● **Data segment**
++++++++++
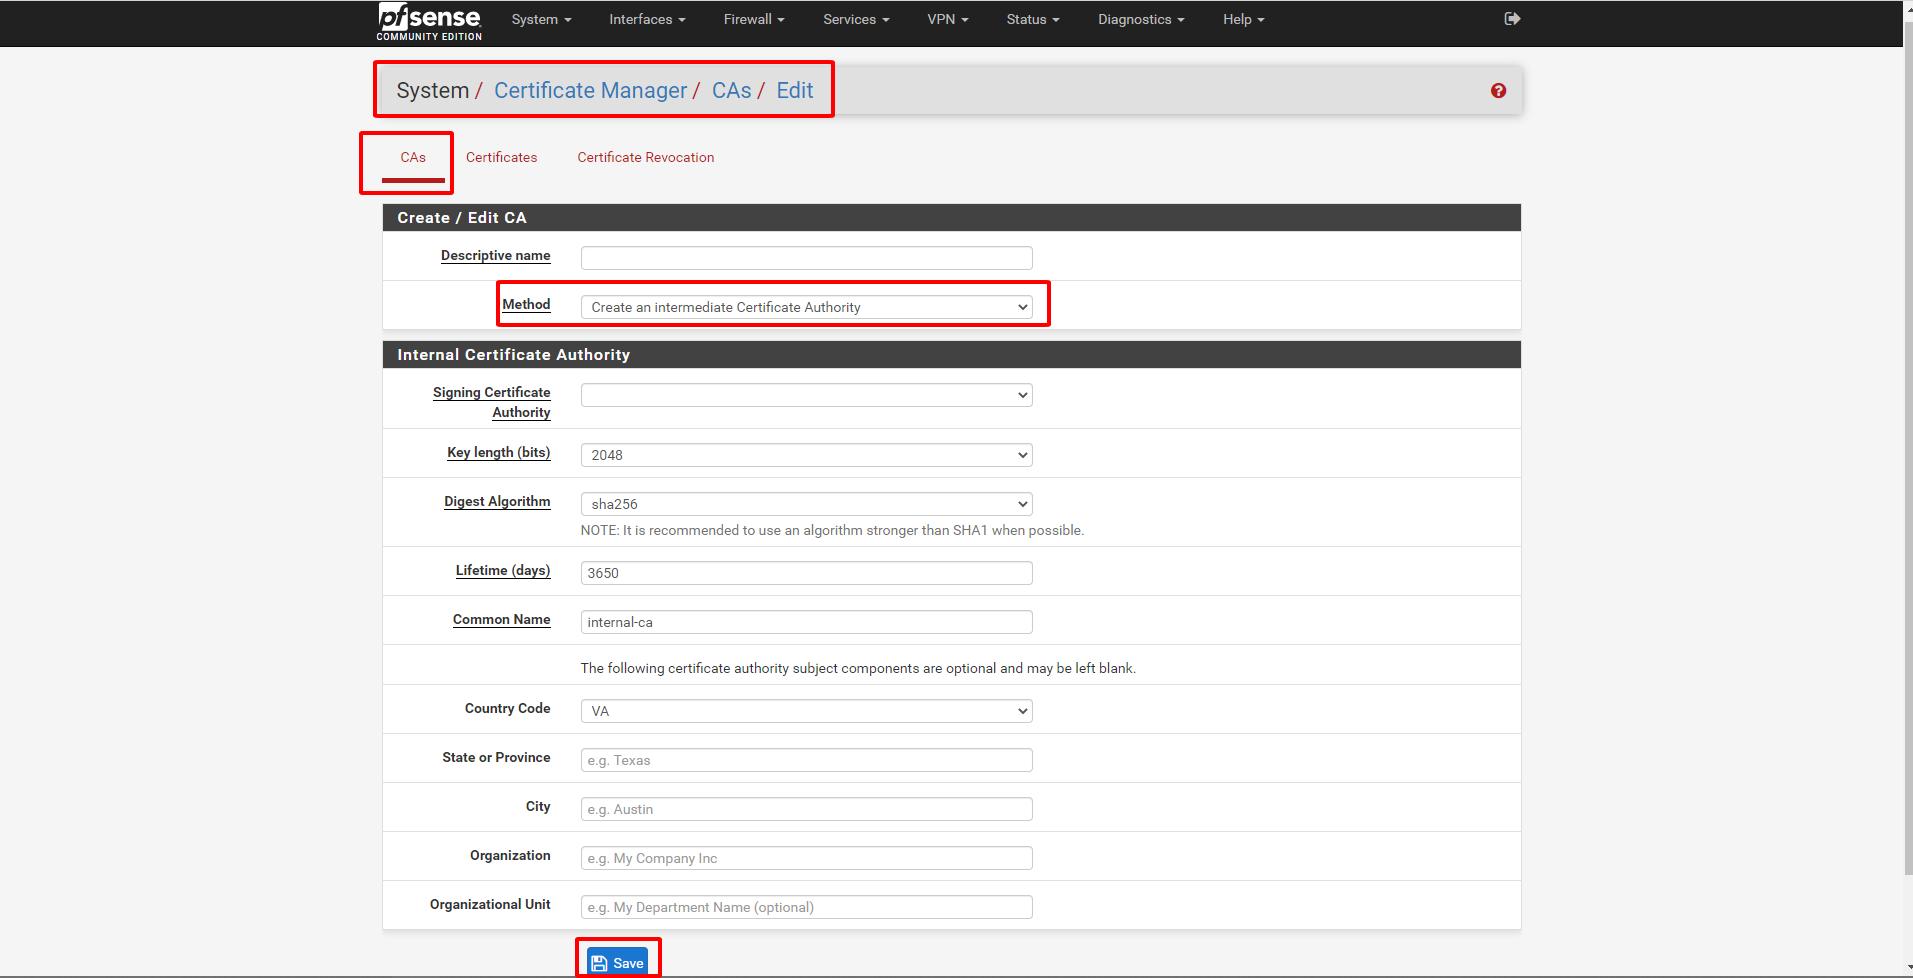 pfsense 10 - Certificate Management (Tìm Hiểu Về PfSense Phần 8)
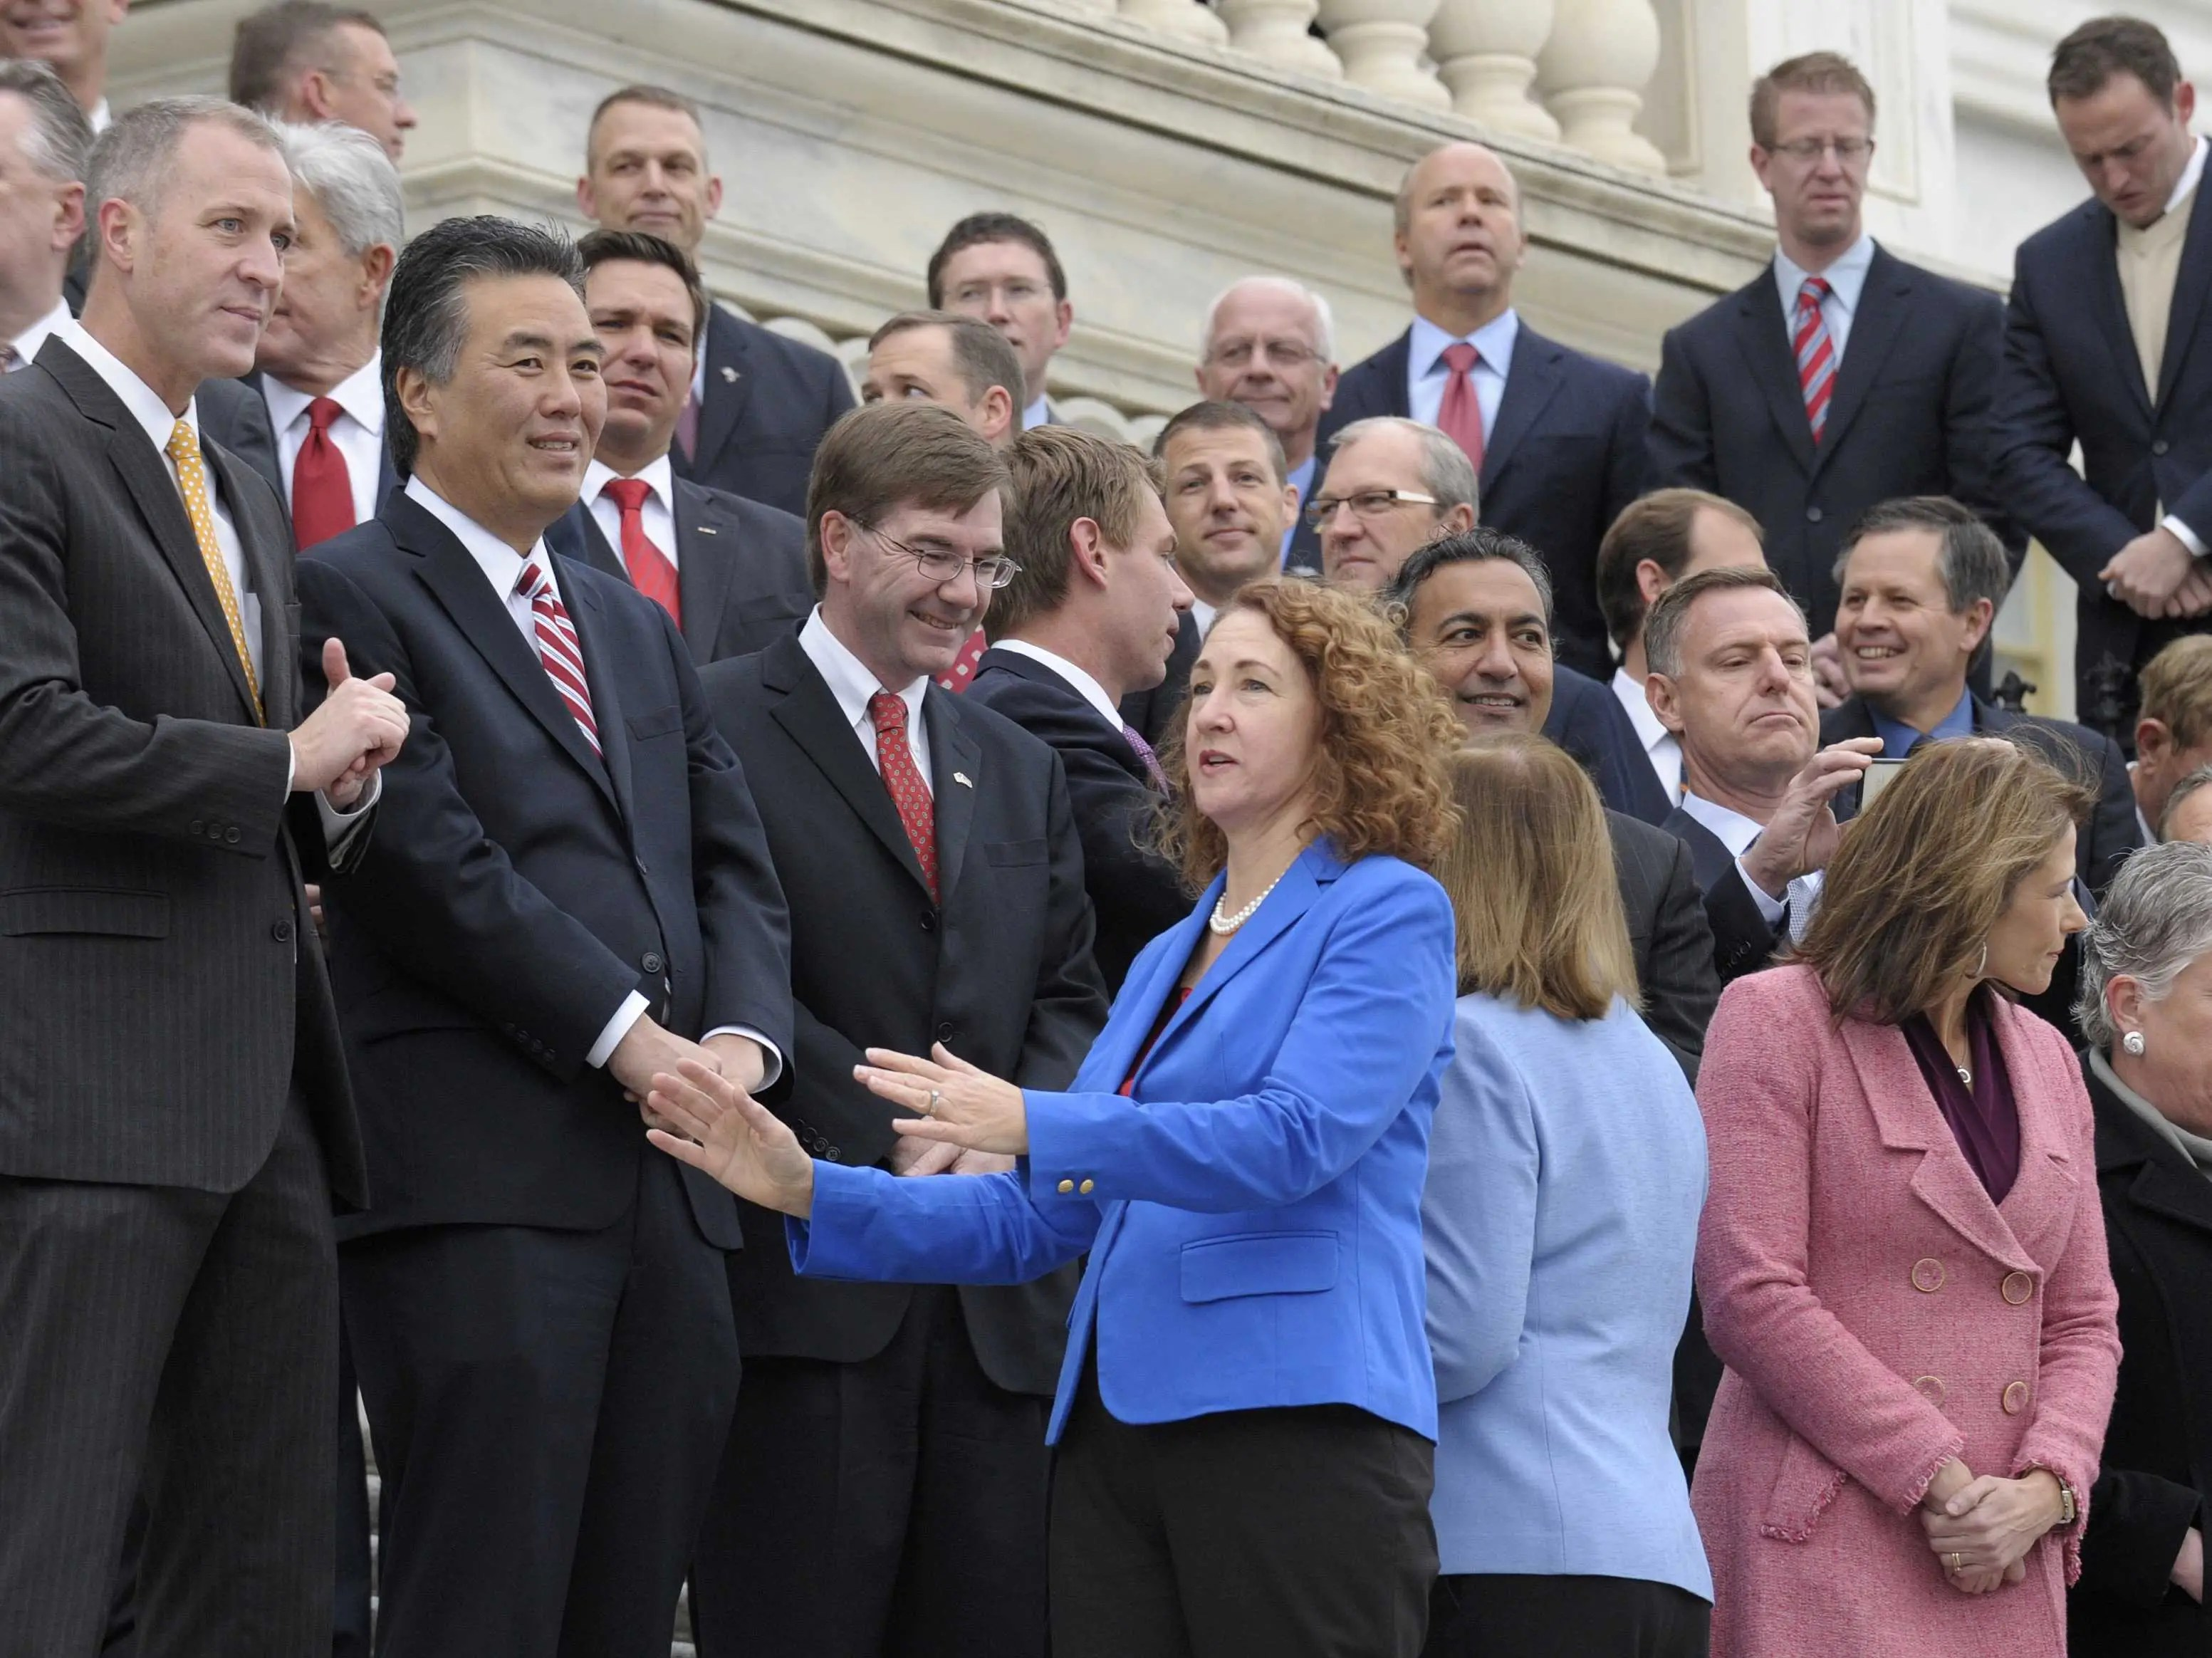 Congress is 18% female.
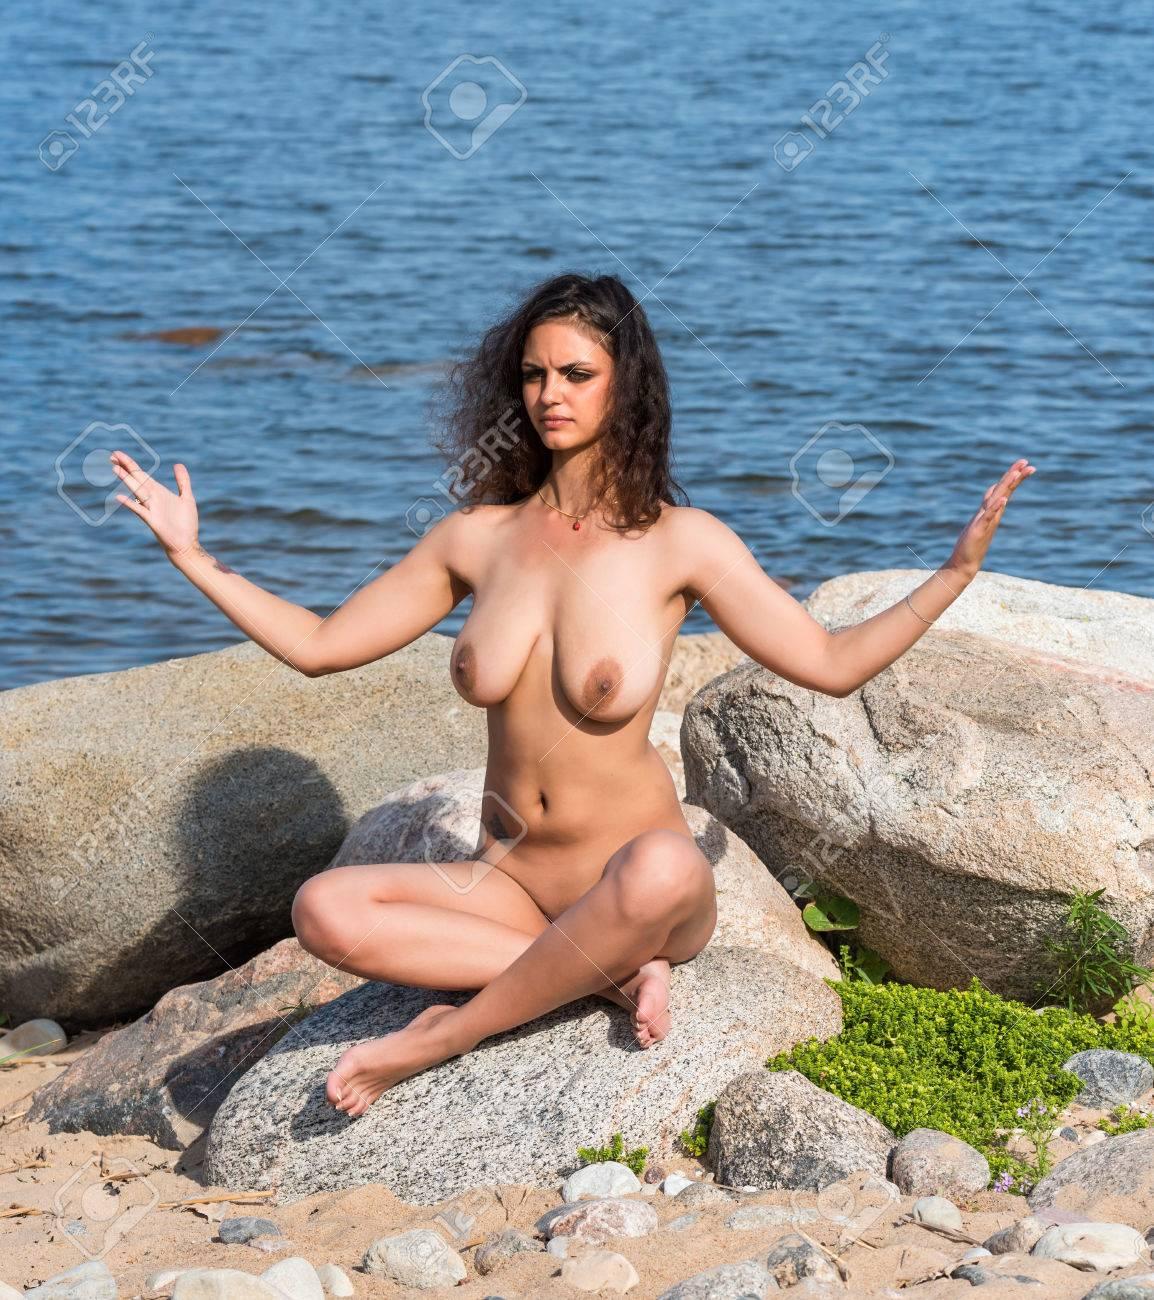 Nackt frau am strand
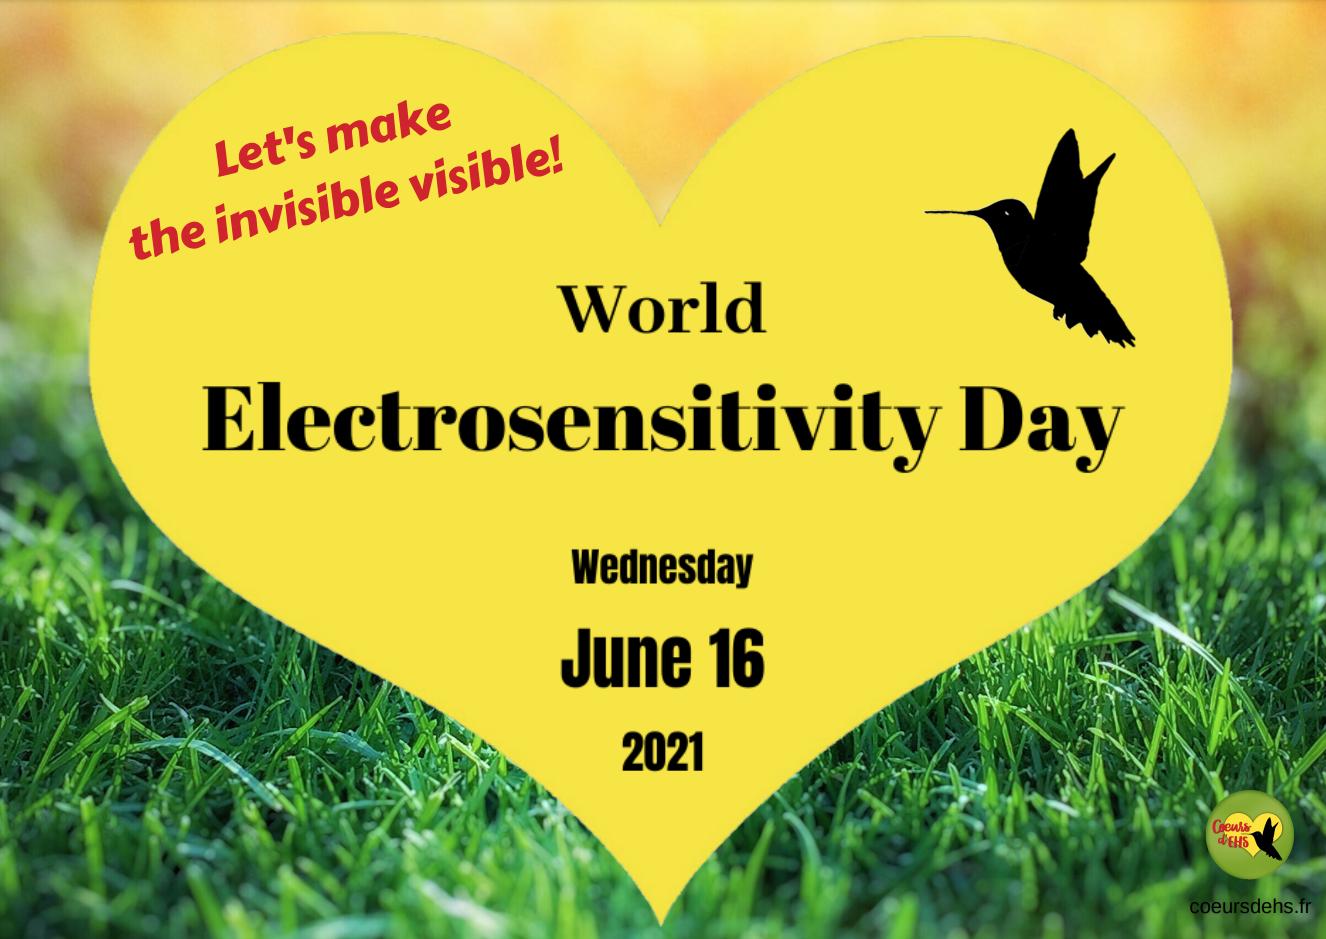 World Electrosensitivity Day
++++++++++
● **Task to complete**
Give back the material exactly as written, images excluded.

● **Response to this task**
 pfsense 10 - Certificate Management (Tìm Hiểu Về PfSense Phần 8)
 Congress is 18% female.
 Nackt frau am strand
 World Electrosensitivity Day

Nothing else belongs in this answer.